Aided by "The Foie Graaes" (the lovely and talented pairing of Wendy Lane Bailey and Jill Anderson) our hero tweaks a Kander and Ebb favorite for an opening celebration of self-importance, "All I Care About is Me". Newcomers to Graae will soon catch on that this is his finely developed shtick. While never diving fully into camp, Jason Graae's charm is an ability to exude a show-biz persona while maintaining warmth and humorous sincerity. He mocks cheesiness by embracing it, closing the show with Strouse/Adams' "Applause" (complete with celebrity impersonations) like a Bar Mitzvah boy hungry for that extra helping of attention.

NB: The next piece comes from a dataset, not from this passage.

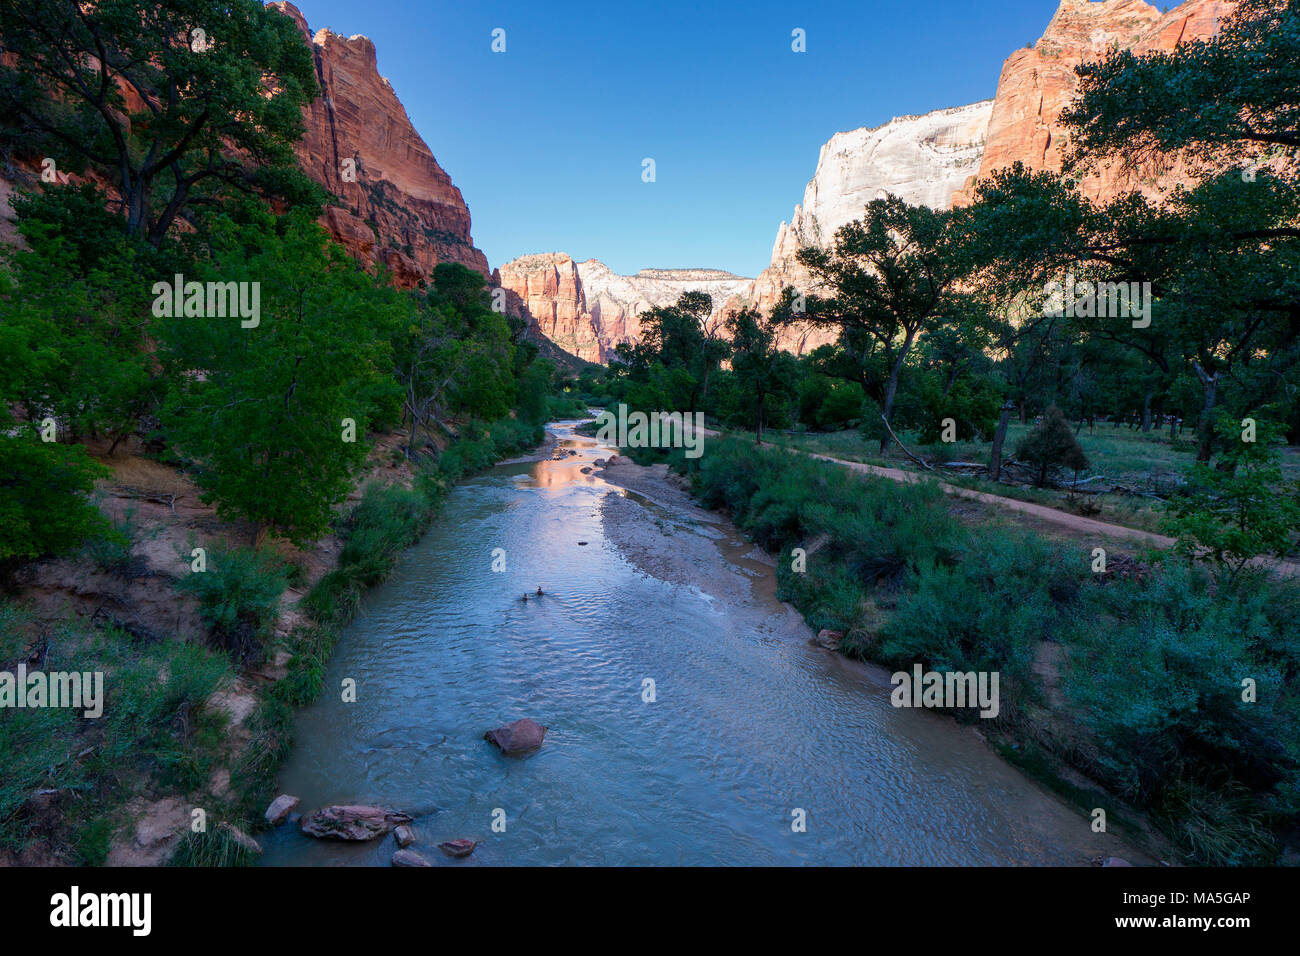 Virgin River, Zion National Park, Springdale, Utah, USA Stockfoto

When he does settle down for a ballad a tiny part of you might be waiting for the eventual gag, but don't let such thoughts disrupt your enjoyment of his dulcet baritone and conversational phrasing enhancing Stephen Sondheim's "Good Thing Going" and bringing extra richness to Jerry Herman's "I Belong Here". You wouldn't think a voice that endearing and lovely could suddenly tear into Barry Kleinbort's "Sondheim Song", a hilariously frenetic collection of music and lyric samples that continually changes tempos with a screech, with such flamboyant intensity. Or attack the Al Carmines/Maria Irene Fornes "The Moment Has Passed" like he were the star of some Brechtian Las Vegas floor show. These numbers especially show off the dexterity of musical director Alex Rybeck at piano.
One of the happy circumstances of having Jason Graae playing in New York is that he can discuss the juicy stories of his career without having to take a hunk of time explaining to the audience who people like Alan and Marilyn Bergman are or who Ken Jennings is. (The actor, not the Jeopardy guy) "Just being in New York cuts 45 minutes from the show.", he quips.
One such story involves how he became the TV commercial voice of Lucky Charms' leprechaun. Utilizing Kander and Ebb's "How Lucky Can You Get" Graae turns the tale into inspired psychodrama as the primo gig magically disappears.
Had he been of another era, Jason Graae would probably be playing the Palace or featured in the Ziegfeld Follies. He makes Coup de Graae a whirlwind of fast-paced wit, Broadway-style bravado and mighty pretty singing.
And did I mention he plays a mean oboe?